Table 6 further shows how employing a variety of sampling points over the entire area improves the
AP. We combine the sampling of the inner keypoints with the boundary keypoints and call it mixed keypoints sampling. Compared to boundary keypoints (Row 3), mixed keypoints sampling outperforms it by 0.29, 0.39, and 0.51
AP on the easy, moderate, and difficult levels. To inner keypoints (Row 5), mixed keypoints sampling brings an improvement of 0.37 on the hard level of difficulty. This indicates that mixed keypoints sampling achieves higher performance than sampling with only boundary or internal key-points. Thus, we are able to conclude that boundary keypoints and inner keypoints can complement each other to improve the performance of 3D object detector.
In addition, we note that varying the number of keypoints sampling has an impact on the results. In Row 7, we can find that performance degrades when too many mixed keypoints sampling are extracted.
4.6. Runtime Analysis
Running speed, particularly in autonomous driving, plays an important role in object detection. Furthermore, the speed of inference fluctuates in a small range. Thus, all runtimes were averaged from ten runs of the algorithm.

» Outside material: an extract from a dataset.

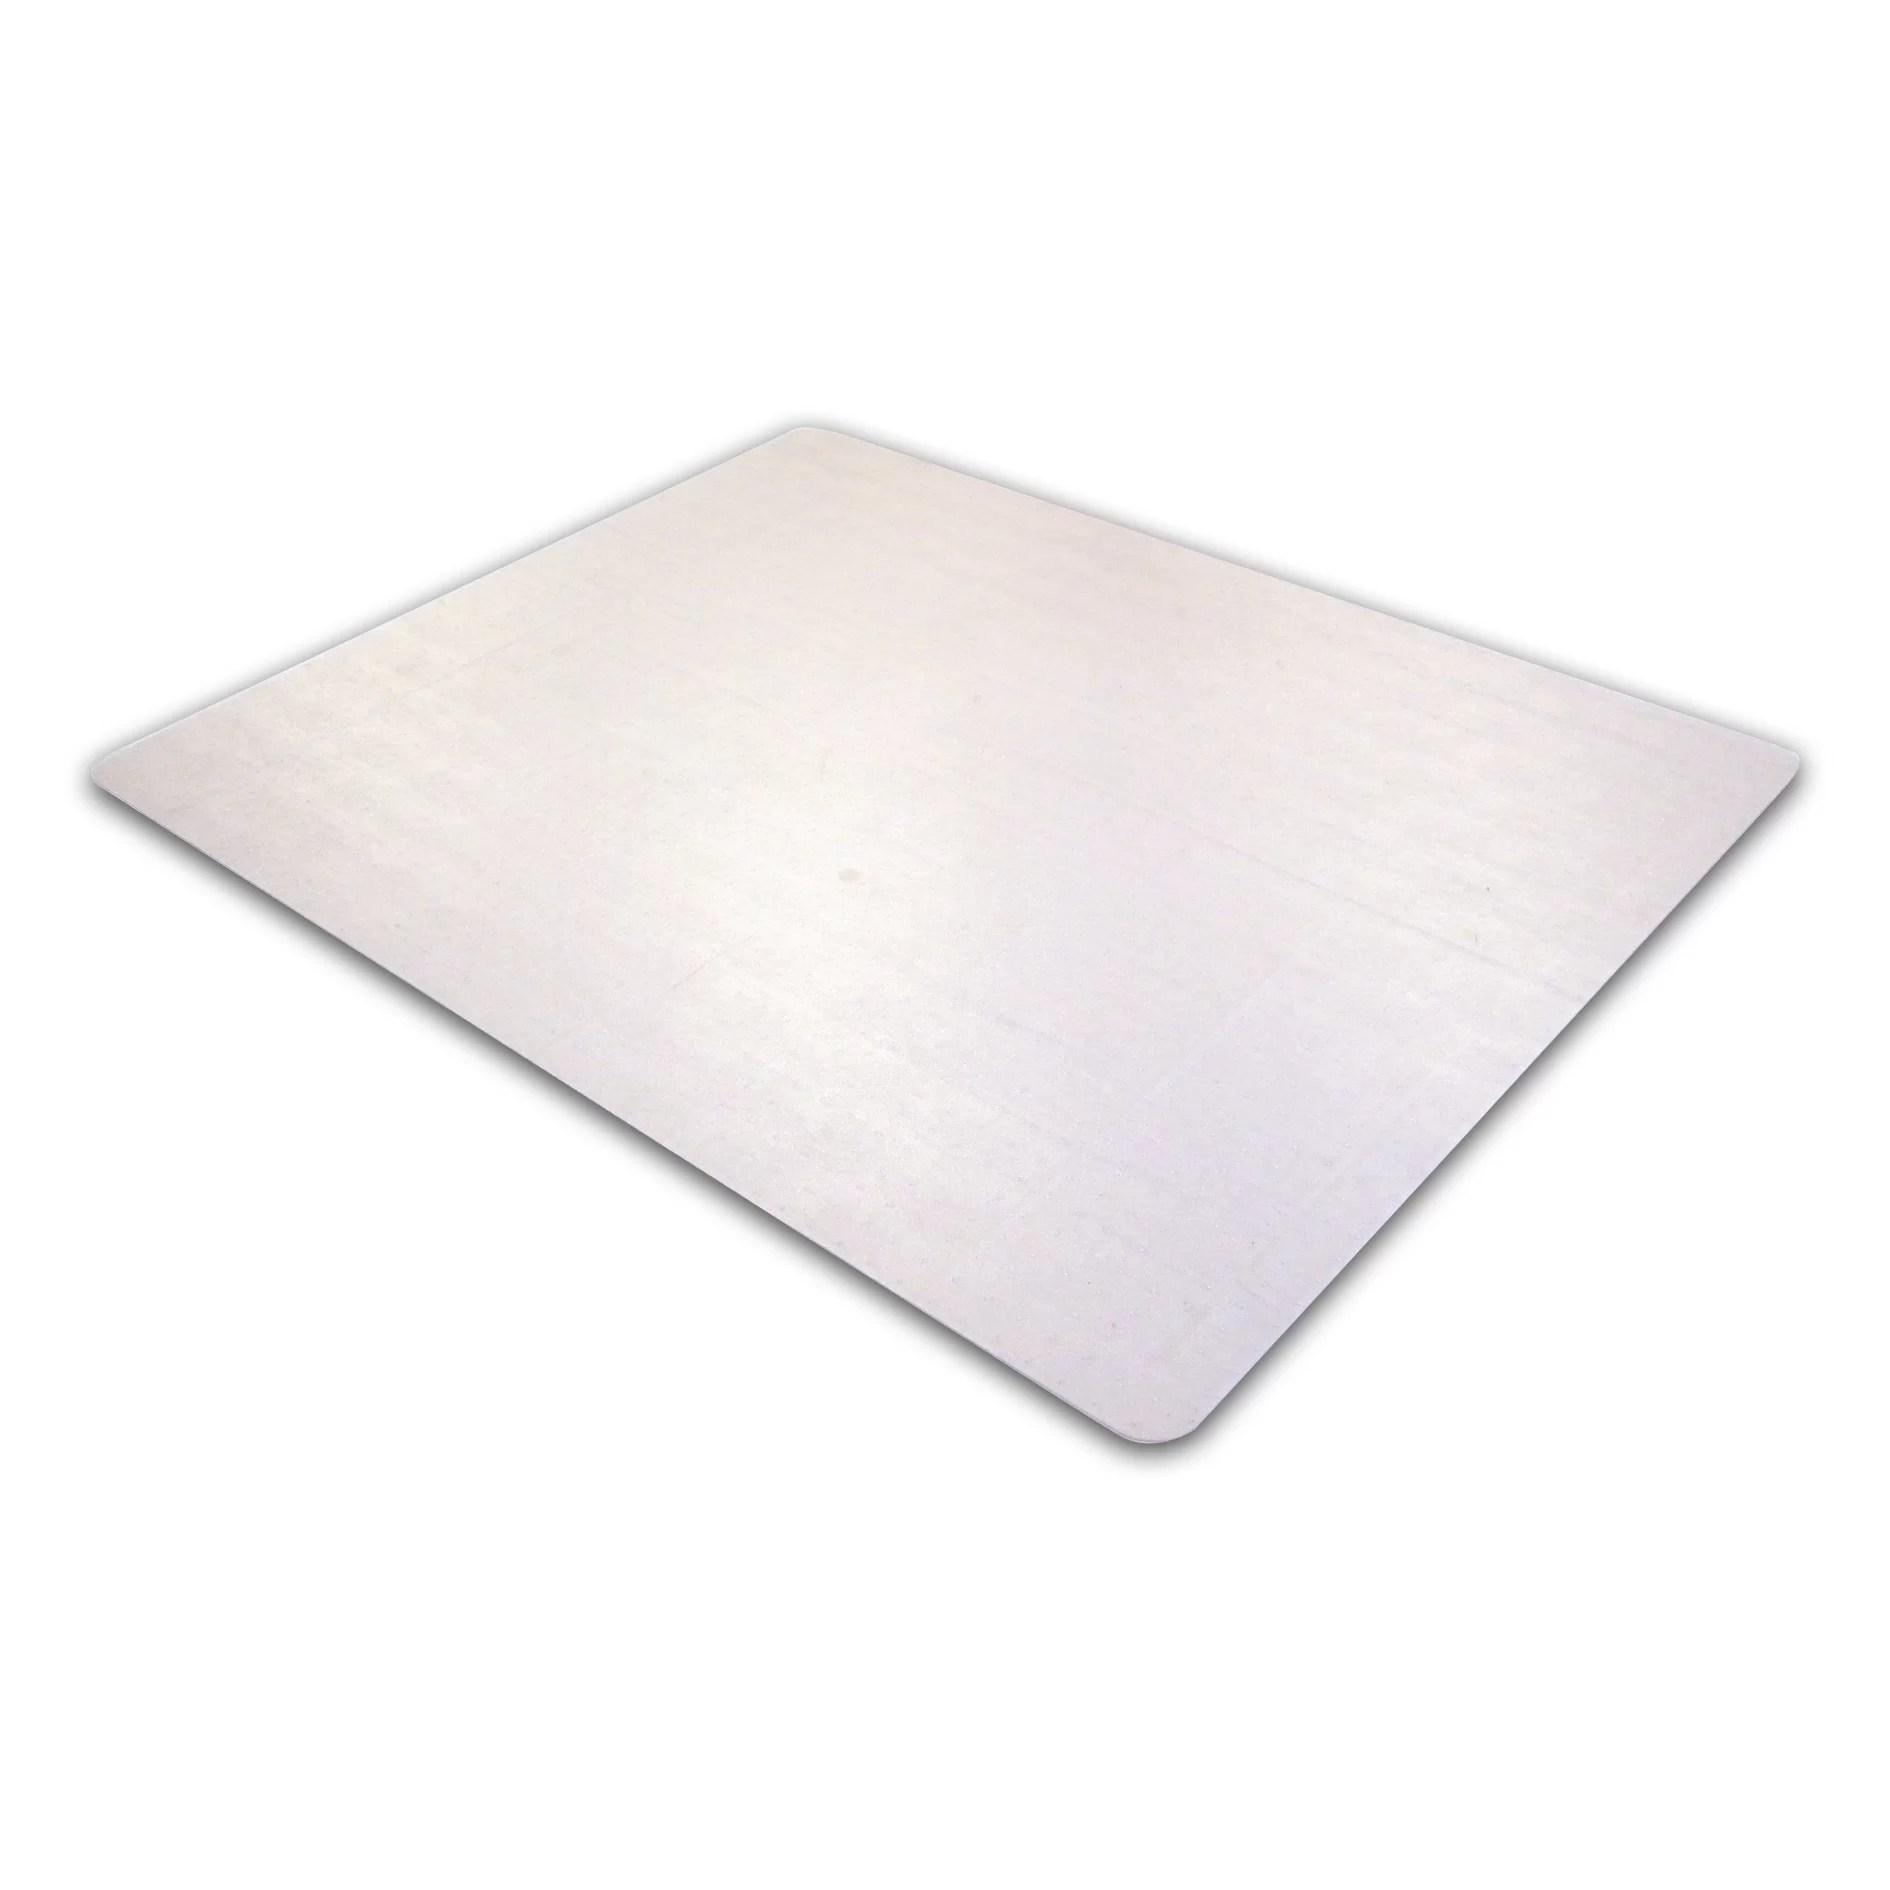 desk chair mat for high pile carpet plastic resin adirondack chairs floortex ecotex standard and reviews

The average inference time of our method is 45.9 ms. The inference time is calculated as follows. The point cloud must first be loaded and preprocessed (2.3 ms). The data tensor is then processed by KASSD (42.9 ms). Moreover, post-processing was done to get the final result (0.7 ms). Because real-time detection is critical in autonomous driving, we examine the detection speeds of several approaches. In
Table 7, we can find that our proposed KASSD is 597.1 ms, 14.1 ms, and 0.4 ms faster than point-GNN, Associate-3Ddet, and SECOND, respectively. Compared with 3DSSD, the inference speed of our model is slightly slower. However, our model outperforms 3DSSD by 0.43, 0.89, and 0.24
AP on easy, moderate, and hard levels of difficulty, respectively. In other words, KASSD improves the 3D object detection performance with tolerable computation overhead.
4.7. Discussion
We proposed a simple keypoint-aware module for 3D object detection, which has four advantages. Firstly, our proposed KAM (keypoint-aware module) solves the problem that the relative position of the predefined anchor point and predicted bounding box is uncertain in the traditional 3D single-stage object detection. Secondly, experimental results show that both boundary and inner points can improve the performance of the 3D object detector. This also illustrates that the predefined anchor points of conventional 3D object detectors lack sufficient information, which may lead to a decrease in performance. Thirdly, the ideal option is to use sampling of a mix of keypoints. It indicates that inner keypoints and boundary keypoints adequately capture the context of the predicted bounding box and effectively produce high-quality object description. Finally, our proposed method achieves competitive performance.
However, there are some limits to our method. Our proposed method uses a fixed keypoints sampling mechanism for all predicted objects and cannot adaptively select the best keypoints. It may impede the ability of the 3D object detectors to perform well. In the future, we will focus on a learnable keypoint-aware module, which may result in more significant improvements.